Her vesile ile sağlıklı biçimde yapılacak bir ön seçimden yana olduğunu ifade eden Aday Adayı Dr. Cengiz ALP ‘Milletvekili Kriterleri’ noktasında şunları söyledi.

“PARTİYİ TANIMADAN MİLLETVEKİLİ OLUNMAZ”

Milletvekili Aday Adayı Opr. Dr.Cengiz ALP
; Öncelikle Milletvekili olacak kişilerin siyaset deneyimi olmalı. Parti tabanından gelerek üstlere doğru tırmanmalı ve mutlaka partiyi tanıyan biri olmalıdır. Partiyi tanımadan milletvekili olunmaz. Aydın ve entellektüel birikim sahibi olması da büyük önem taşıyor. CHP bir kitle partisidir çünkü. İçerisinde her kesimden insan var. Mutlaka üniversite mezunu olması da gerekmez. Kendini yetiştirdikten sonra ilkokul mezunu da olabilir. Geçmişte böyle işçi liderlerimiz vardı. Çok değerli, siyasi birikimi olan, kendini yetiştirmiş ve CHP milletvekilliği yapmış kişilerdi. Bu değerli işçi liderleri ve milletvekillerimizin parti içinde verdikleri  mücadeleler, temsil ettikleri kesimin haklarını savunmadaki gayret ve başarıları her zaman örnek alınacak davranışlardır. Şimdi de bu şekilde olmalı, sosyal demokrat düşünceyi, Cumhuriyet Halk Parti’liliği içselleştirmiş, parti ilkelerini bilen, halktan bağını koparmadan vekillik görevini en iyi şekilde yerine getirme çabası içinde olacak kişiler meclise gitmelidir.

 “AKÇELİ İŞLERE, KİRLİ İLİŞKİLERE BULAŞMAMIŞ OLMALI”

“Milletvekili olacak kişi hiçbir zaman akçeli işlere, kirli ilişkilere bulaşmamış ve bu noktada test edilmiş olmalıdır.
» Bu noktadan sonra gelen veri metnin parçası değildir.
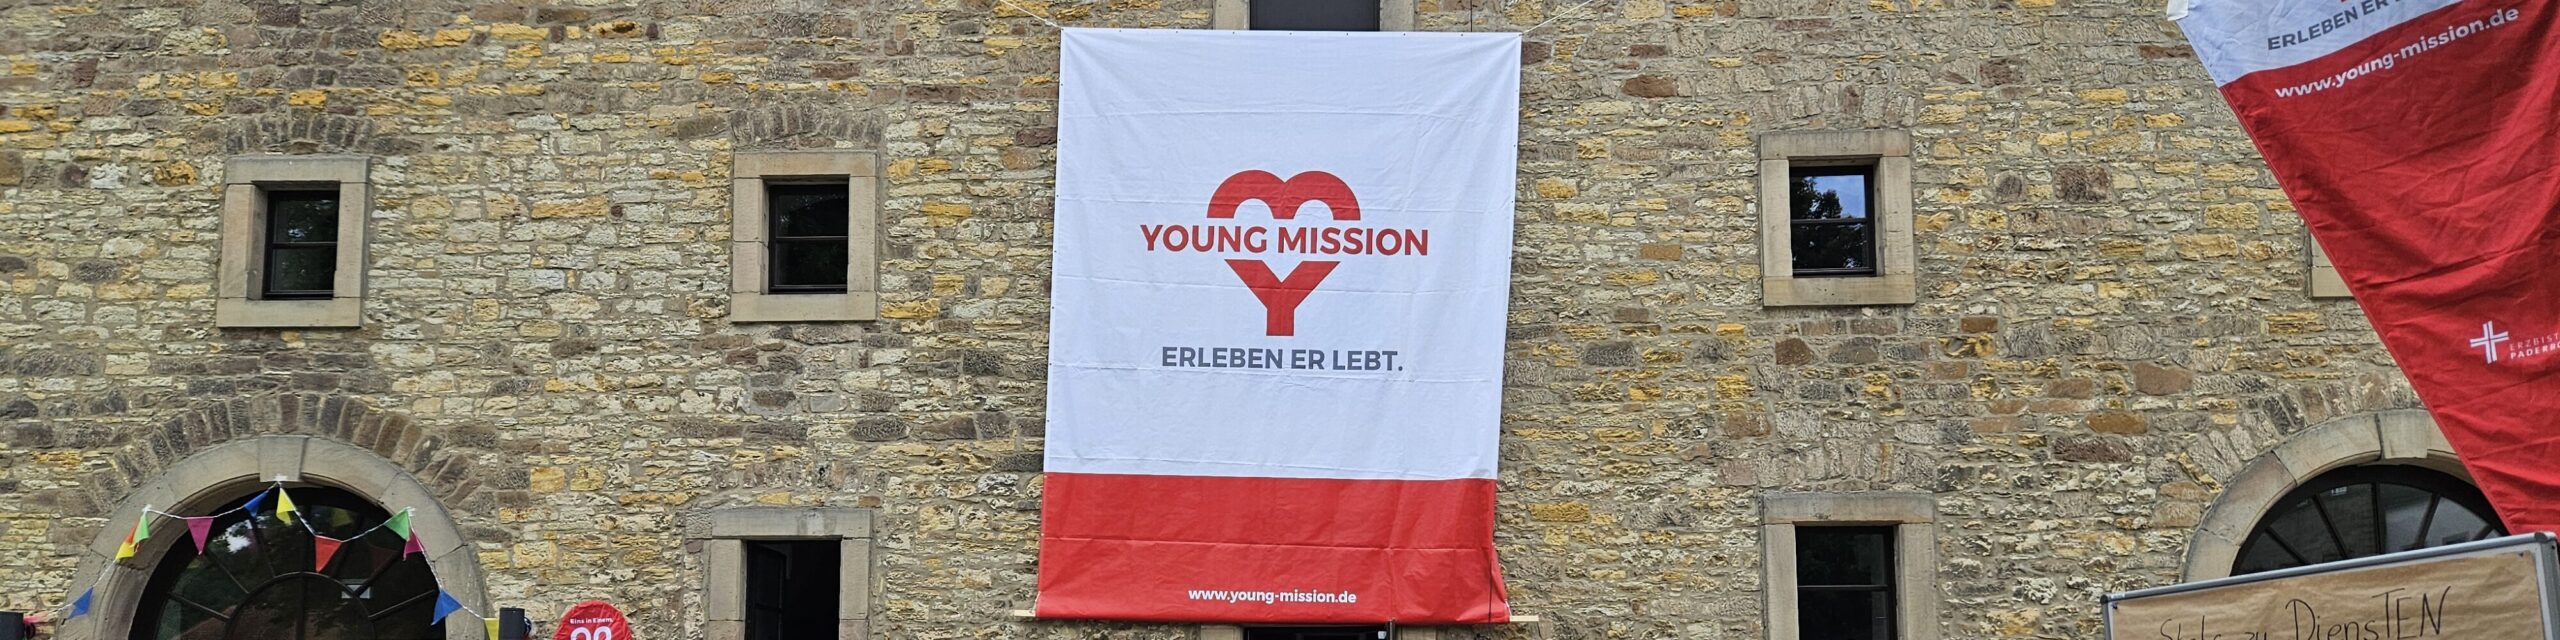 Die Hauswand eines Gebäudes mit dem Banner von Young Mission.

Bunu CHP’de temiz siyasetin önünü açmış olma anlamında söylüyorum. “Hele bir deneyelim”
diyerek seçildikten sonra nasıl biri olduğu öğrenilmeye çalışılmamalıdır. Test edilmiş ve kirli siyasete, yolsuzluklara, akçeli işlere bulaşmama konusunda güvenilir bir kişilik yapısına sahip olduğundan emin olunan kişiler halkın vekili olarak meclise gönderilmelidir. Parti içi demokrasinin olmadığı partilerde genelde bütün adaylar tepeden inme ve genel merkez tarafından belirlenen kişiler olmaktadır. Bunun somut örneklerini gördük, görüyoruz. CHP’de  durumun böyle olmadığına dair en somut gösterge adayların belli bir kısmının önseçimle belirlenecek olmasıdır. Böylece milletin vekilliği işin ehline verilecek, siyasi deneyimi olan, partililer tarafından tanınan, tabanın desteğini almış, partiye emek vermiş ve seçildiği takdirde de Ankara’da temsil görevini en iyi şekilde yapacak olan kişiler meclise girecektir. Geniş boyutuyla düşündüğümüzde ise milletvekili olacak kişi, partimiz iktidara geldiğinde aynı zamanda devlet yönetiminde görev üstlenebilecek, bakanlık da yapabilecek bilgi birikimi ve yöneticilik kapasitesine de sahip olmalıdır.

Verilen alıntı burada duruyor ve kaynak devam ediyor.